Optical measurements of action potentials in ex vivo rabbit hearts using voltage-sensitive dyes. A, perfusion with 100 nm dofetilide (Dof) prolonged AP compared with untreated controls (Con). 5 μm VU0405601 did not change APD compared with controls. B, shown is a statistical comparison of APD measured at 70% repolarization in controls, 100 nm dofetilide, and VU0405601-perfused hearts. VU0405601>Dof, pretreated for 30 min with 5 μm VU0405601 before 100 nm dofetilide was perfused. C, the hERG-specific inhibitor dofetilide (100 nm) caused increased arrhythmia incidence.
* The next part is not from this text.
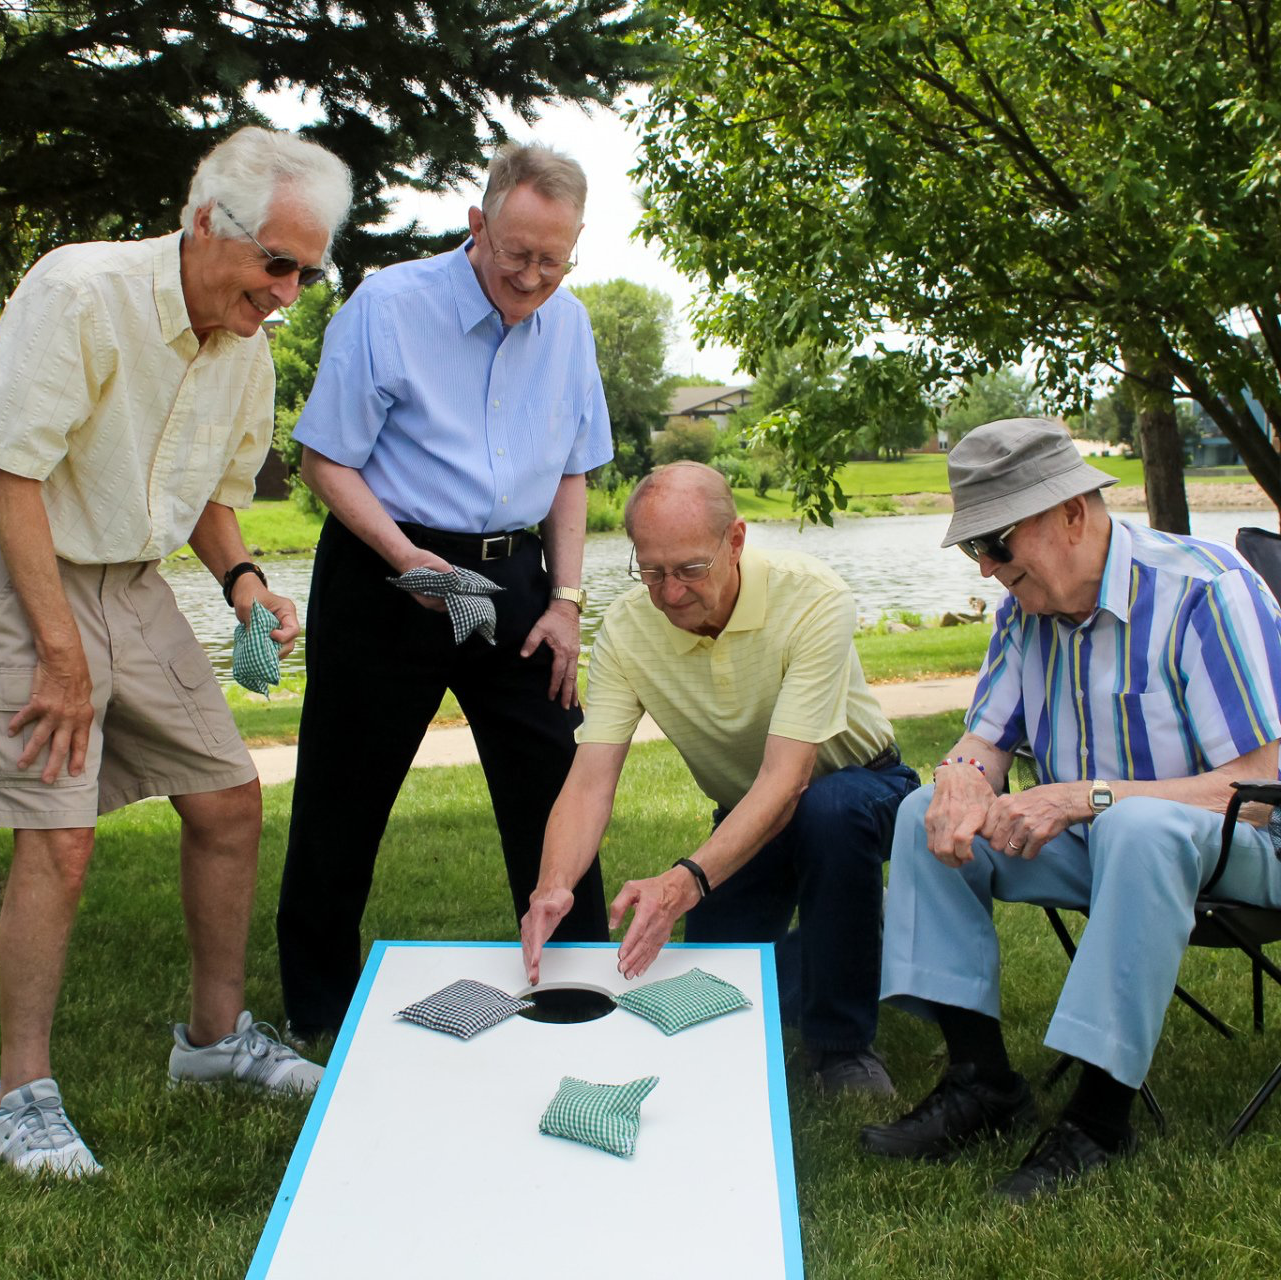 Group of retired men playing corn hole in the lawn of Friendship Village Retirement Community
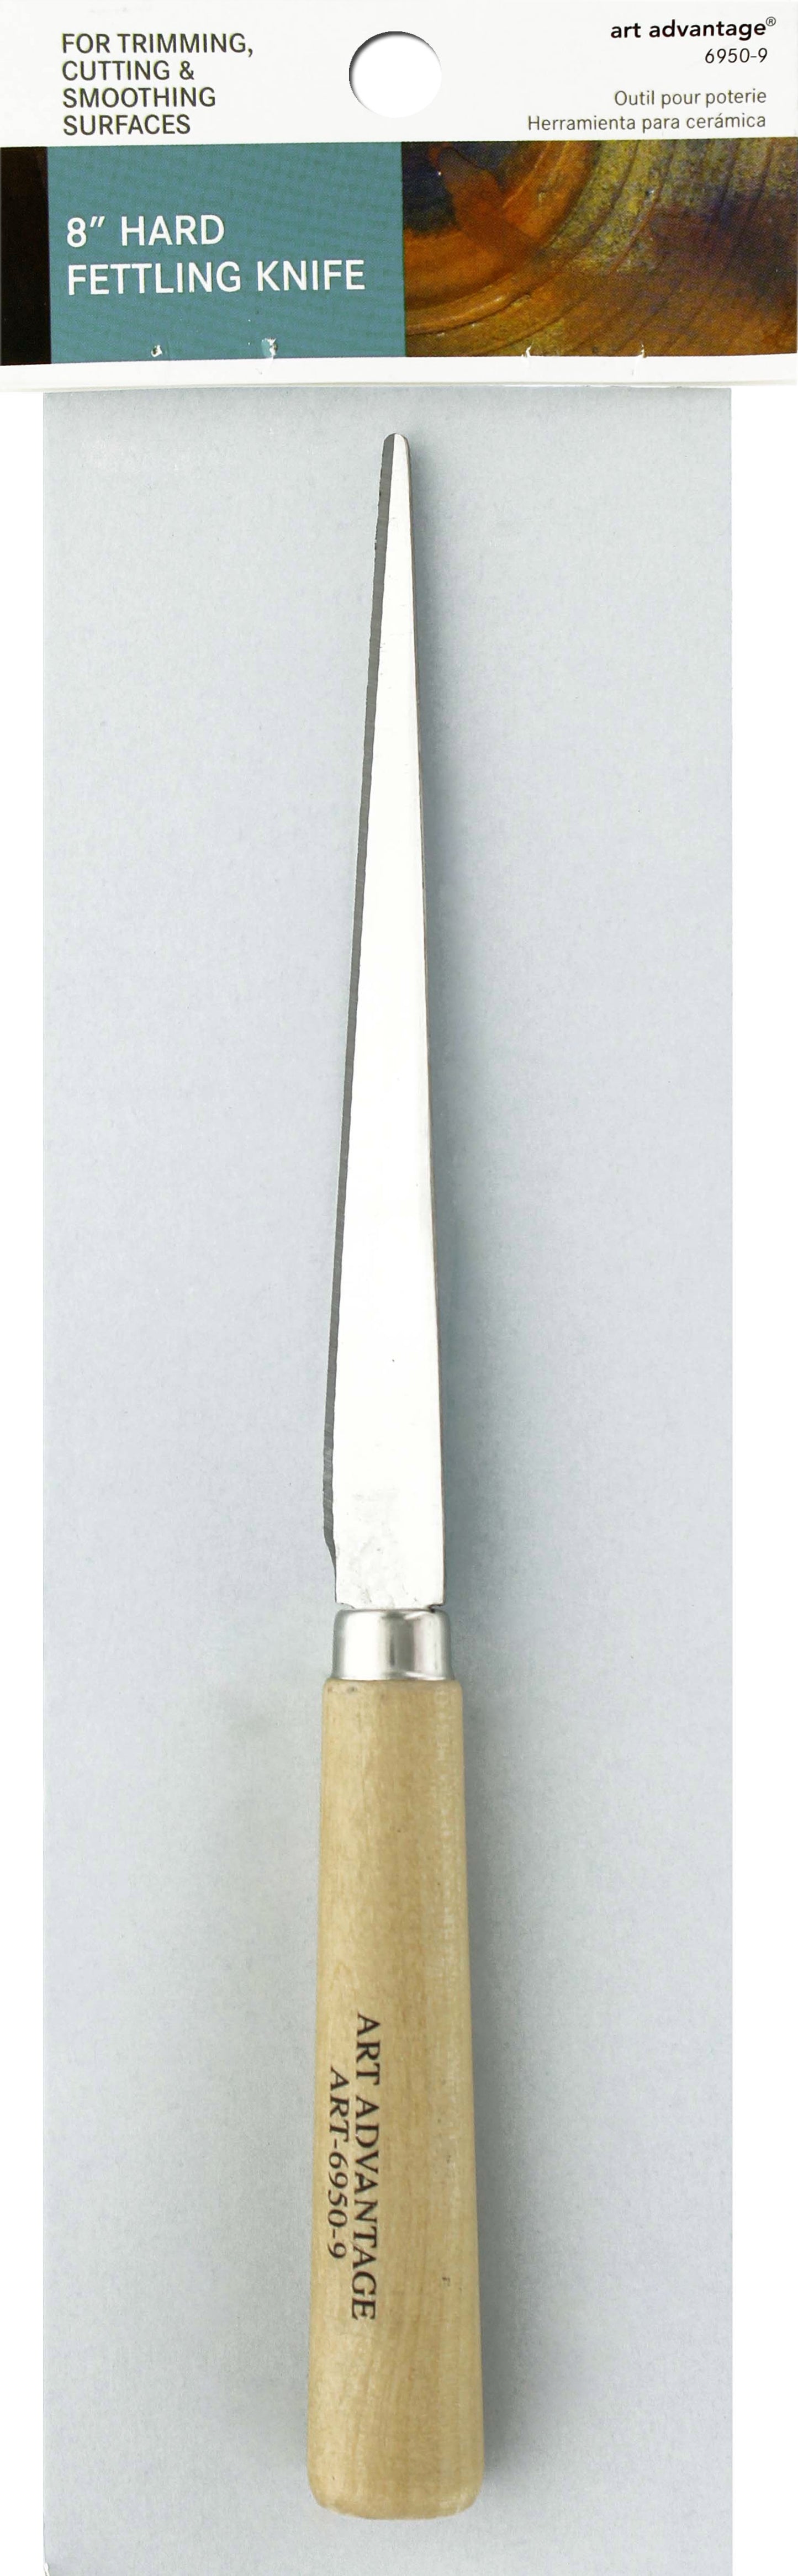 FETTLING KNIFE 8 INCHES

Compare black versus clear bars. VU0405601 (gray bars) caused no arrhythmias above control levels. Pretreatment for 30 min with 5 μm VU0405601 (striped bars) protected hearts from dofetilide-induced, paced arrhythmias. **, p < 0.005; *, p < 0.01, Fisher's exact test. a.u., absorbance units.

FIGURE 2.

hERG currents recorded in hERG-HEK cells. A, shown is the time course of hERG current before (control) and after 50 μm VU0405601. Whole-cell currents were generated from a holding voltage of −80 mV and stepped to 10 mV for 2 s (▴) followed by a tail pulse at −50 mV for 2 s (○). Dofetilide was added as indicated. Representative current traces are shown in the inset. B, shown is dose response of VU0405601 measured at 10 mV (test pulse) and the ensuing peak tail current currents (−50 mV). Current amplitudes were normalized to untreated control conditions and plotted against VU0405601 concentrations. A vertical dashed line is drawn at 5 μm. C, pulse protocol was used to assess time course of hERG inhibition. Whole-cell currents were generated from a holding voltage of −80 mV and stepped to +10 mV for 2 s followed by a tail pulse at −50 mV for 2 s. Continued pulsing with dofetilide (Dof) results in a gradual onset of hERG inhibition due to open-state block. D, hERG-HEK cells were stimulated until steady-state effects of VU0405601 or PD-119057 was achieved and inhibitor was applied subsequently. Tail currents were normalized for maximally stimulated current (pre-inhibitor) and measured at multiple time points with 100 nm dofetilide alone (open circles, n = 23) with 10 μm PD-118057 followed by 100 nm dofetilide (green triangles, n = 6), with 5 and 50 μm VU0405601 (red circles and triangles, n = 6 and 12, respectively) followed by 100 nm dofetilide, and with intracellular application of 50 μm VU0405601 followed by 100 nm dofetilide (black triangles, n = 5).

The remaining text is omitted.